Когда все живые вернулись к своим мертвым. Два года… Все, что осталось от Уманской, два года стояло «на выдаче праха» среди нескольких тысяч урн – почему? Чего ждали ее родители? Собственной смерти? Участка земли? Отпуска? Мрамора для надгробия? Не важно, ее все равно нет?
Я встретил его спустя время – Кипнис шел меж могил; потеплело, и снег падал щепотками, узелками, лохмотьями, празднично и неправдоподобно – и небо не темнело при этом. Его сопровождали родственники местных покойников – мохеровые шарфы, очки в кривых оправах и кроликовые шапки. Кипнис внимательно взглянул на меня, не узнавая, но вычислив чужого, непохожего по взгляду: я как-то не так смотрел на живых.

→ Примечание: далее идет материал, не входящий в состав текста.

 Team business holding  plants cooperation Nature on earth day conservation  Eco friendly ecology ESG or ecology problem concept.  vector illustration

Через три года я увидел в витрине переиздание его «Записок некрополиста» и купил, все вертел в руках, не мог понять – что такое не такое есть в этой книжке, хотя все, кажется, как было: фотография – автор широко улыбается, белая рубашка, не стесненная галстуком; посвящение «Светлой памяти Аллочки, моей незабвенной жены, посвящаю эту книгу» – но что-то корябало меня. Еще раз осмотрел обложку и увидел новое.
Художник оформил обложку как могильную плиту – шурупы по углам. Под счастливой фотографией Кипниса кто-то поставил цифры 1919–2001, изменившие все. Некрополист на фото теперь улыбался так, словно наконец-то все в полном порядке, он там, где должен быть, у своих, он слился с миром, которым жил, исследования здесь закончены, и, с удовольствием повинуясь страсти, он продолжит копать с той стороны – так казалось мрази-оформителю, он не понимал, за что расправились со стариком.

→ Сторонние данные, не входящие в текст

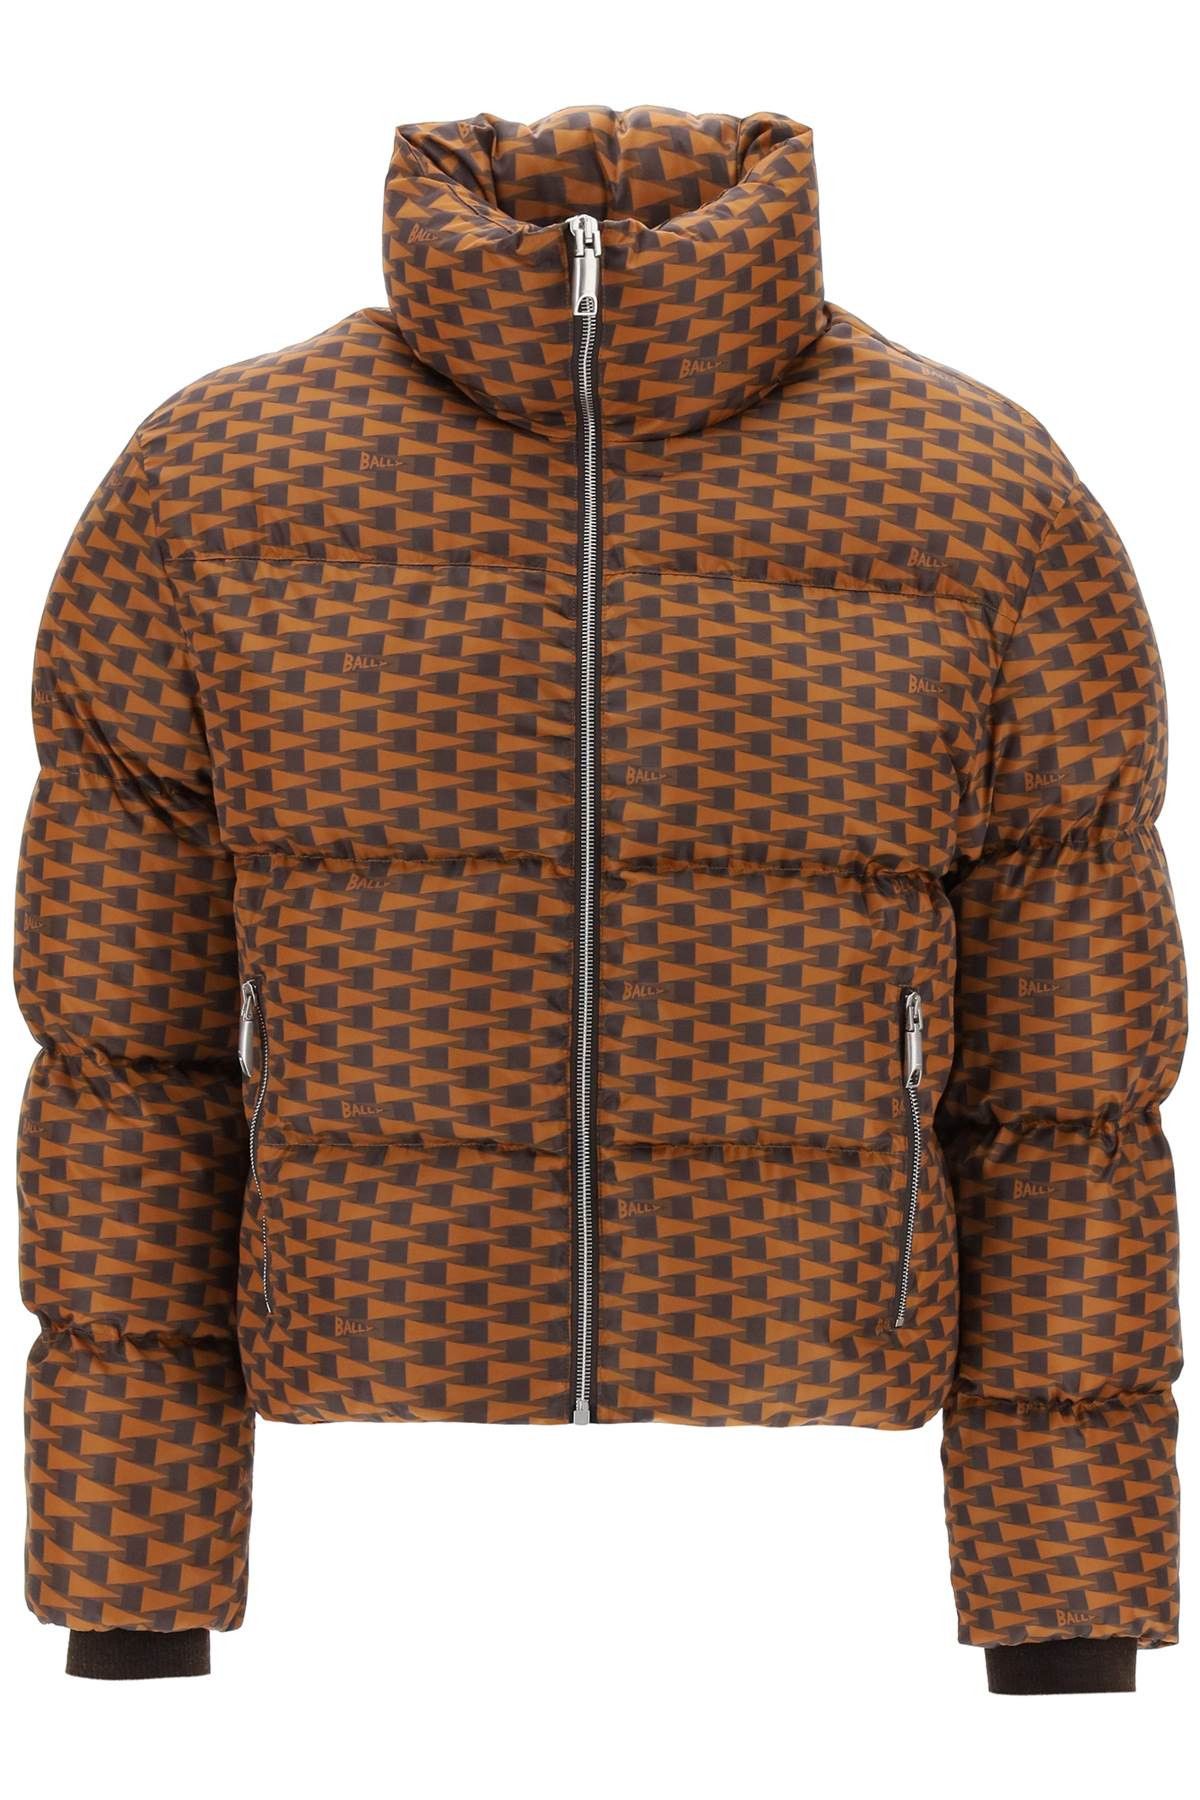 Bally Bally short puffer jacket with pennant motif | Grailed

Кипнис не хотел смерти, но, думаю я, кусок Новодевичьего показался бы ему уместным вознаграждением за его галерную службу, однако скоты не оценили его прикованной гребли, а проплатить тем, кто торгует невозможным, было некому.
У меня мало книг, эта все время попадалась в руки.
Я просто не знал, куда ее деть. И ночью выбросил в мусоропровод.
Бухгалтерия
Секретарша приземлила поднос на стол – жасминовый чай, попятилась до календарика «До весны осталось 16 дней» и оторвала листок – 15. Белая блузка. Потом что-нибудь придумаю с ее мордой. Еще я пью воду без газа со льдом «БонАква», «Эвиан», «Шишкин лес». Дюшес «Черноголовка». Печенье с маком, изюмом. Никакого ржанья с шоферами и музыки в приемной. В кабинет заходить с блокнотом. О назначенных встречах напоминать вечером накануне. Уборщица не должна двигать солдатиков.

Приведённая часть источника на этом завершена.